> **Work order**:
With pictures omitted, transcribe exactly the lines from the one containing "x-wing-logo.png" to the end of the records below.

> **Data in this exercise**:
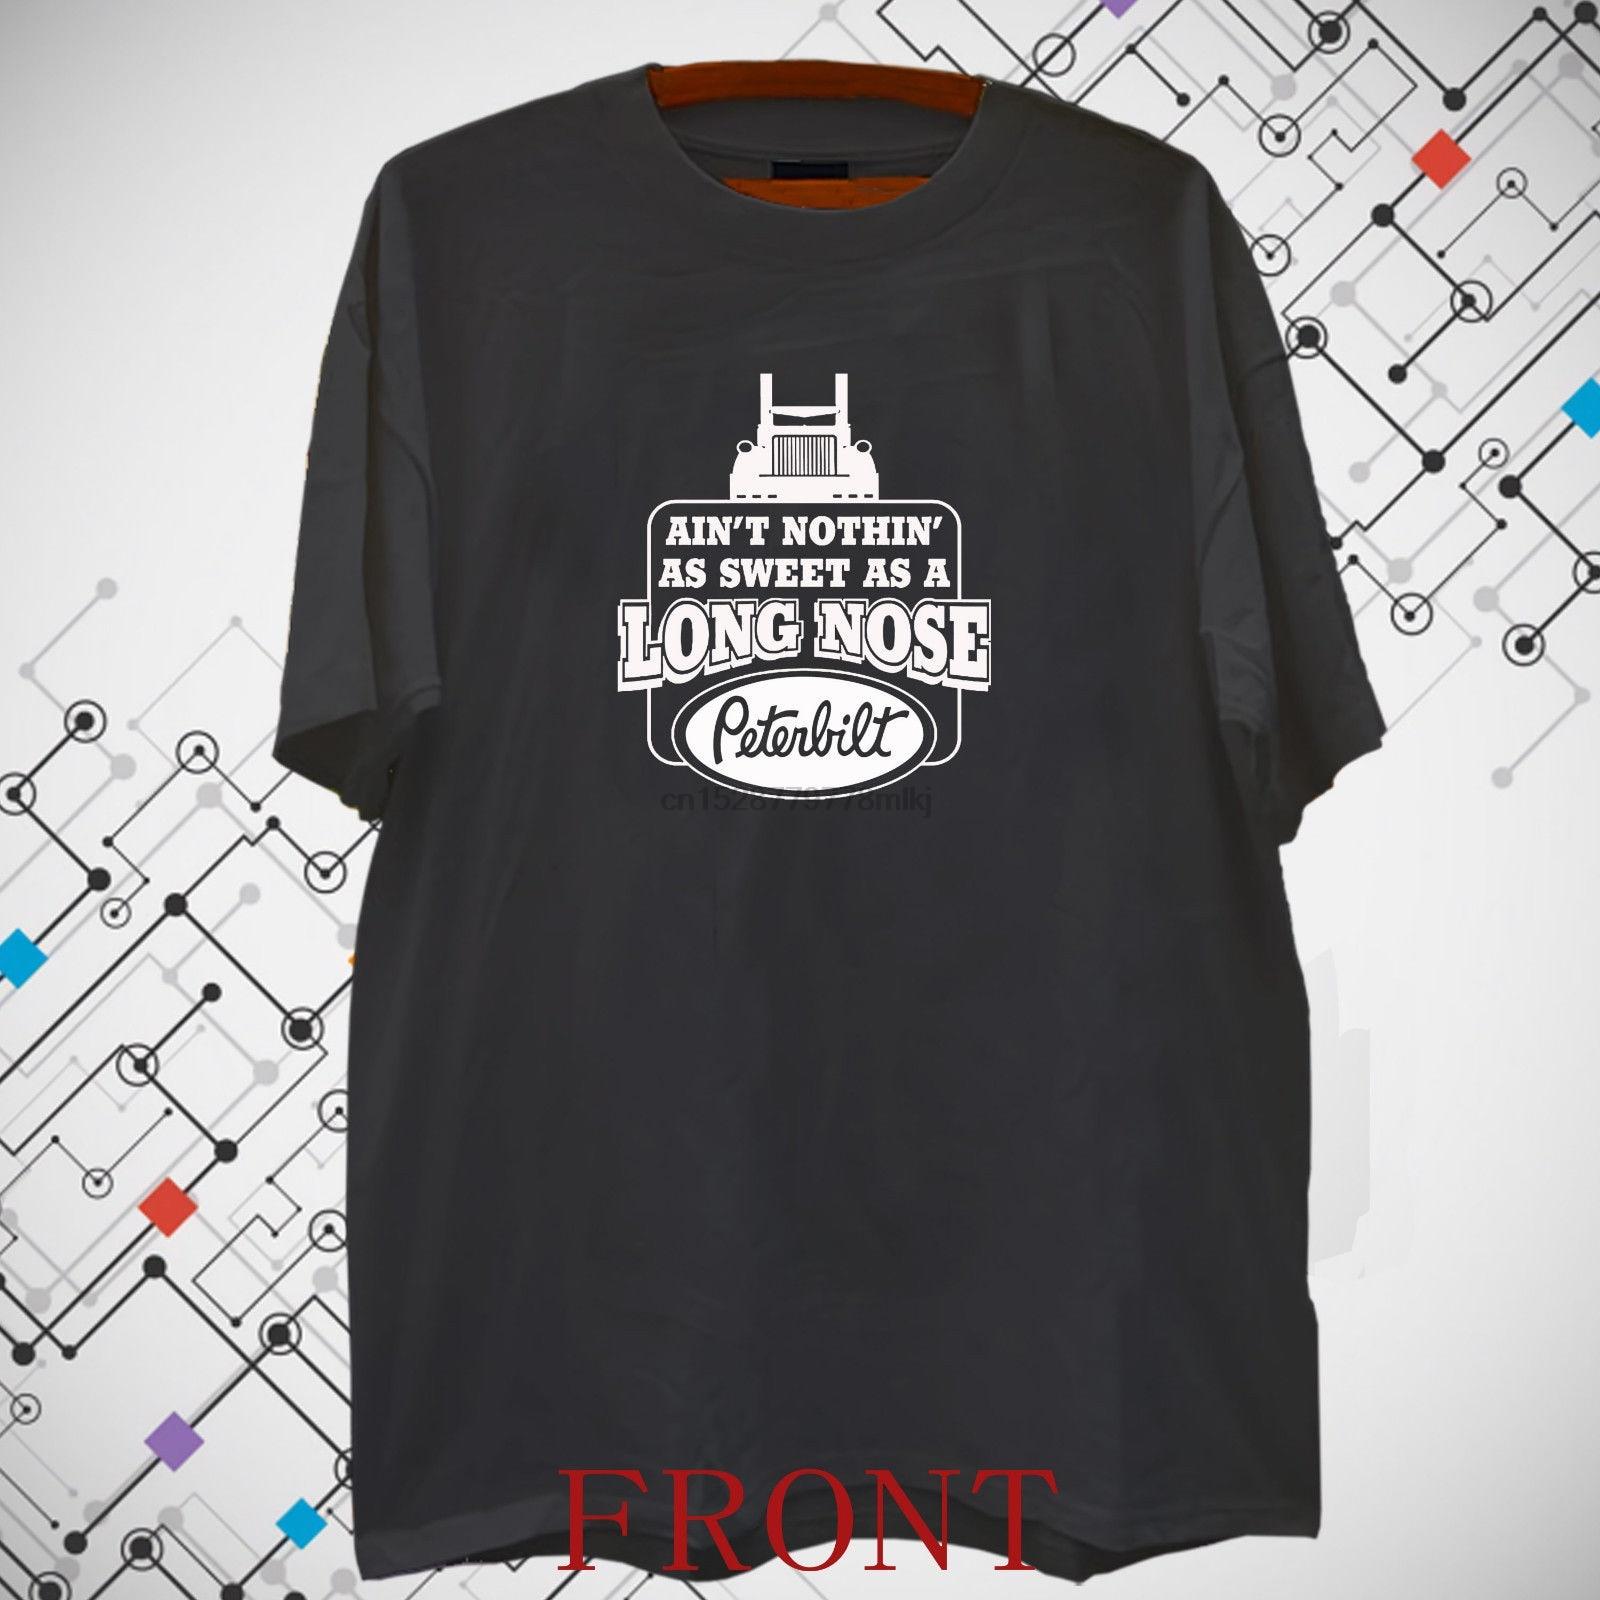 Mack Trucker Trucks Logo Long Sleeve Black T-Shirt Size S to 3XL
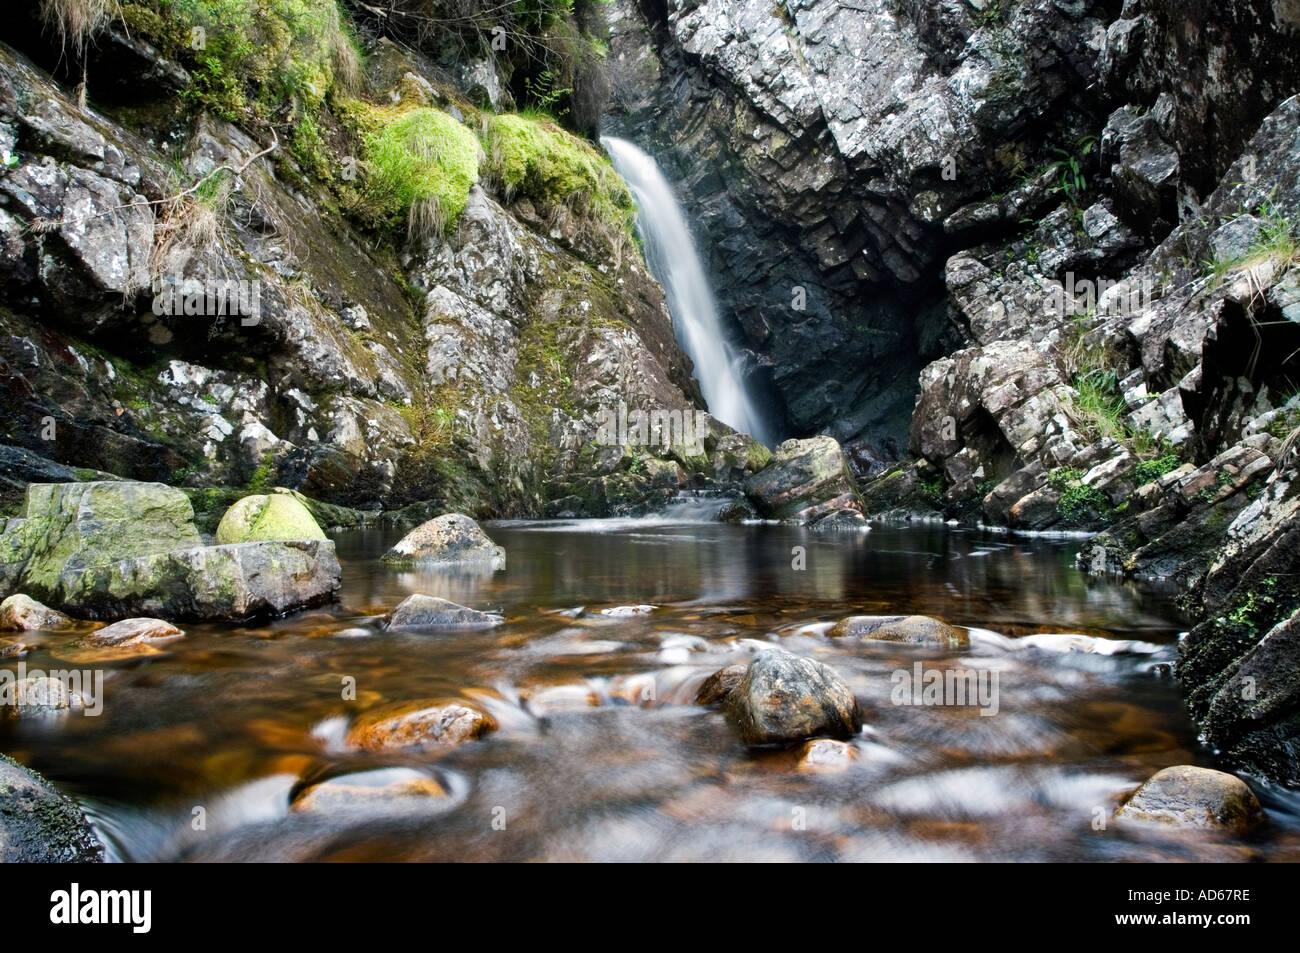 Scottish Waterfall And Pool Strathconon Highlands Scotland Stock Photo Royalty Free Image
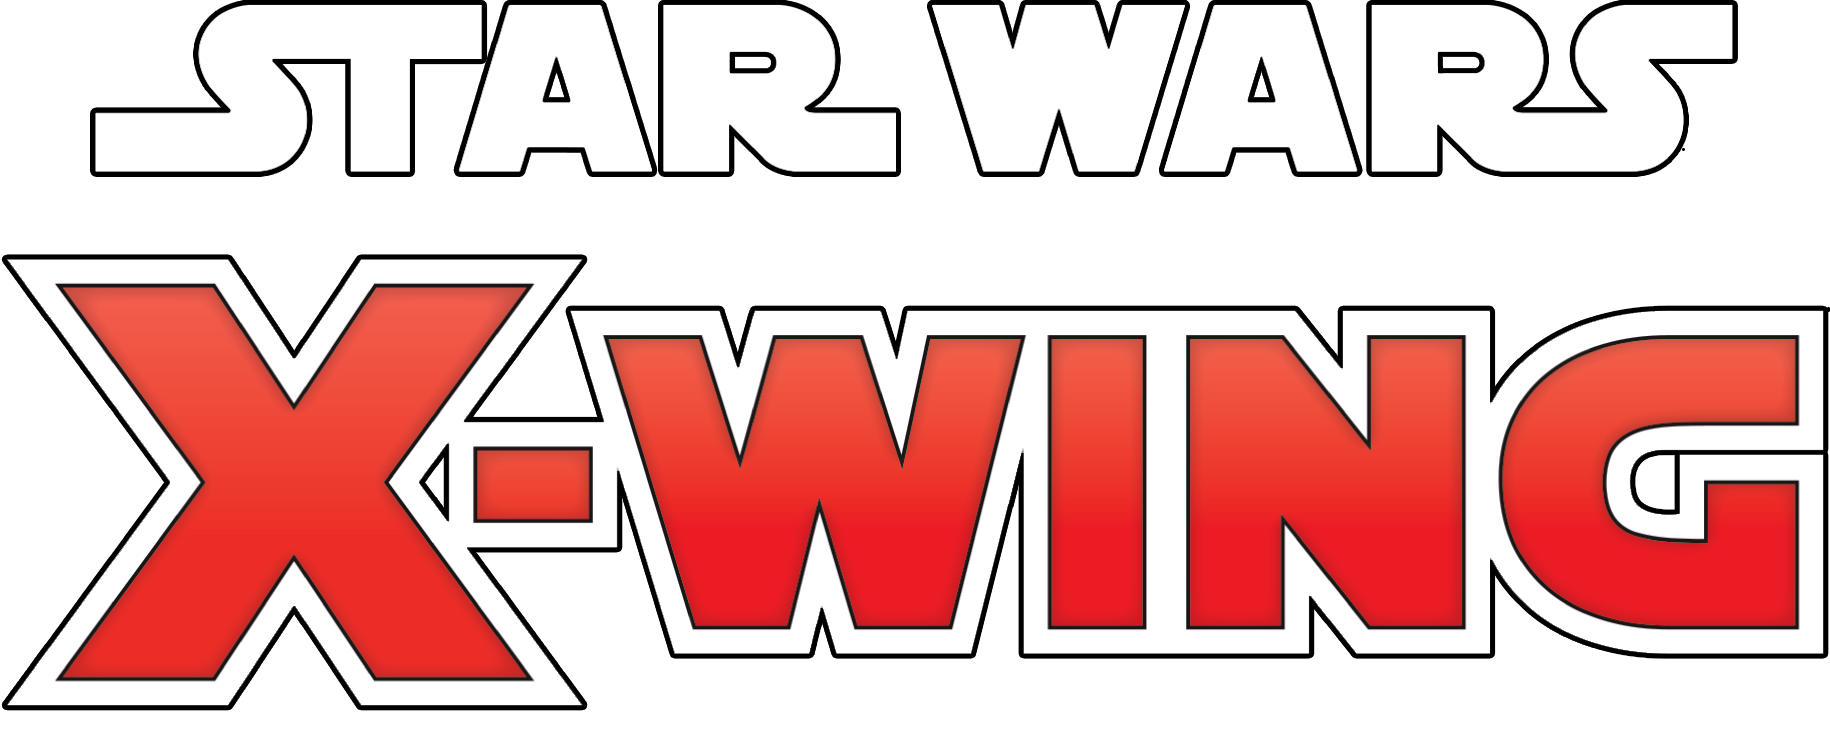 x-wing-logo.png
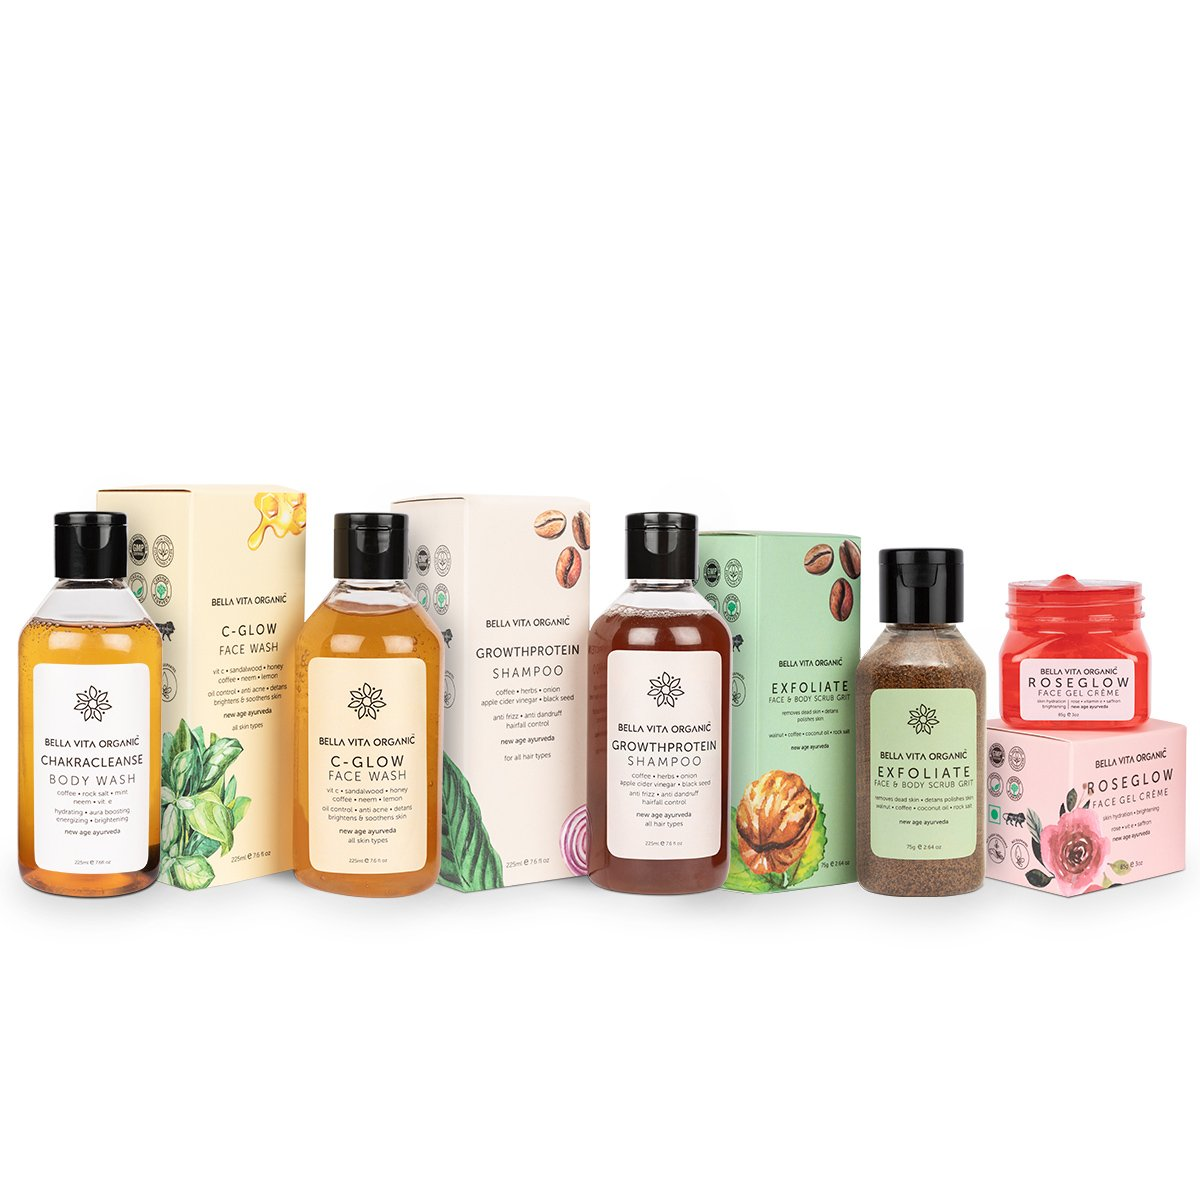 Face-wash_-Body-Wash_-Shampoo-Exfoliate_-Rose-Glow
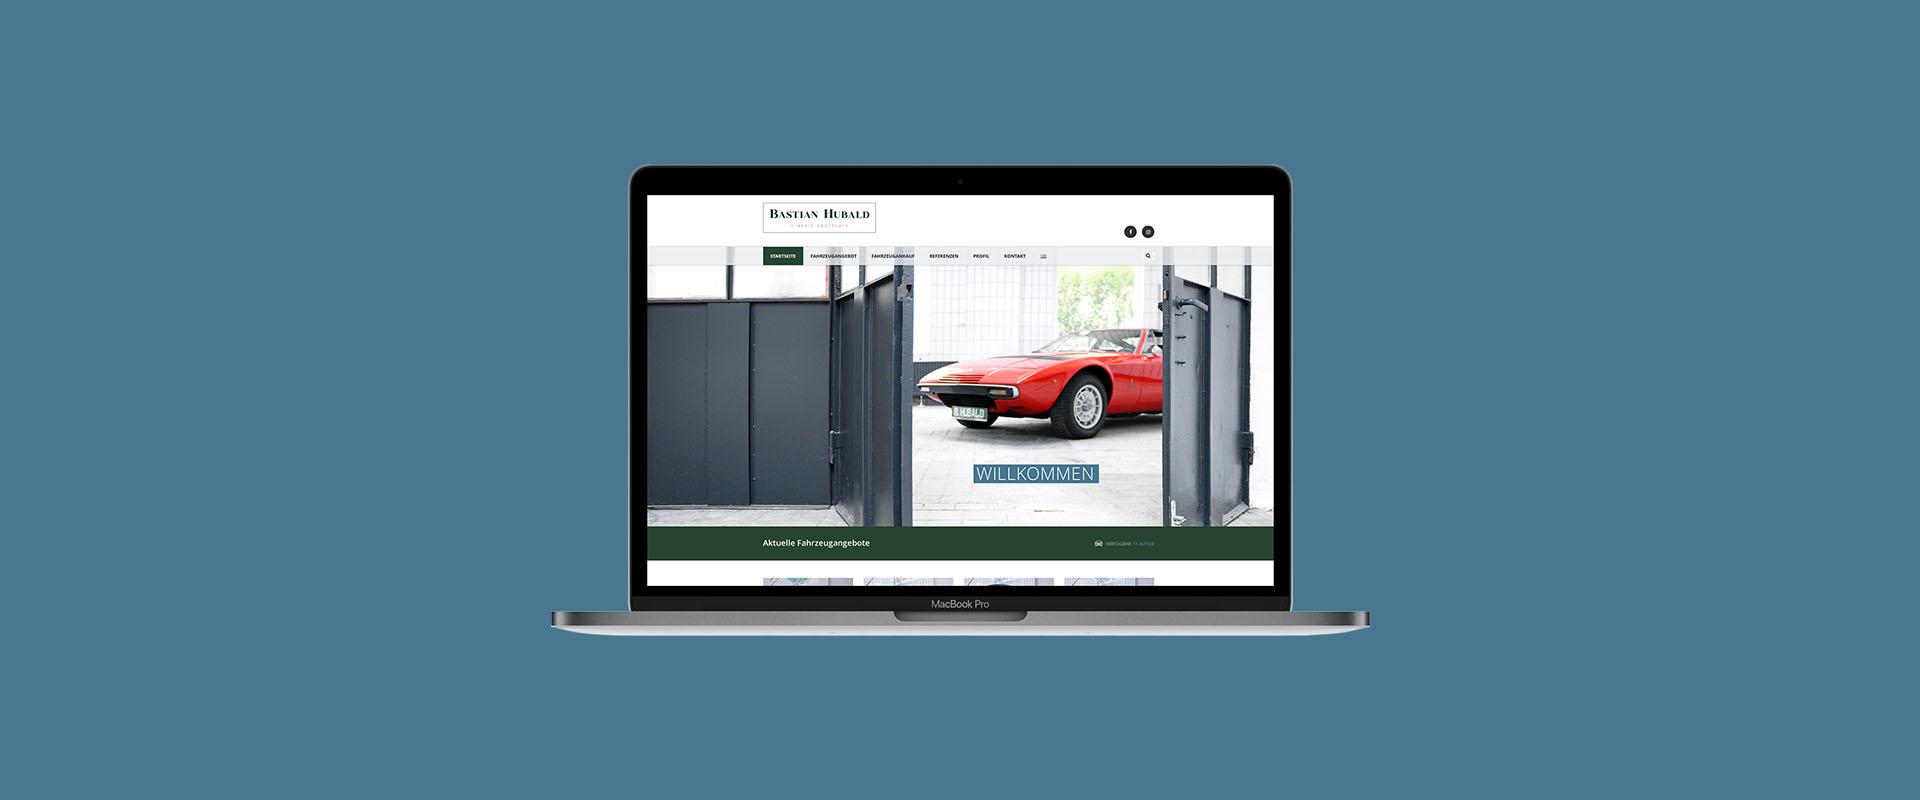 Bastain Hubald Mockup Webseite

> **Answer to this exercise**:
 x-wing-logo.png
 Face-wash_-Body-Wash_-Shampoo-Exfoliate_-Rose-Glow
 Bastain Hubald Mockup Webseite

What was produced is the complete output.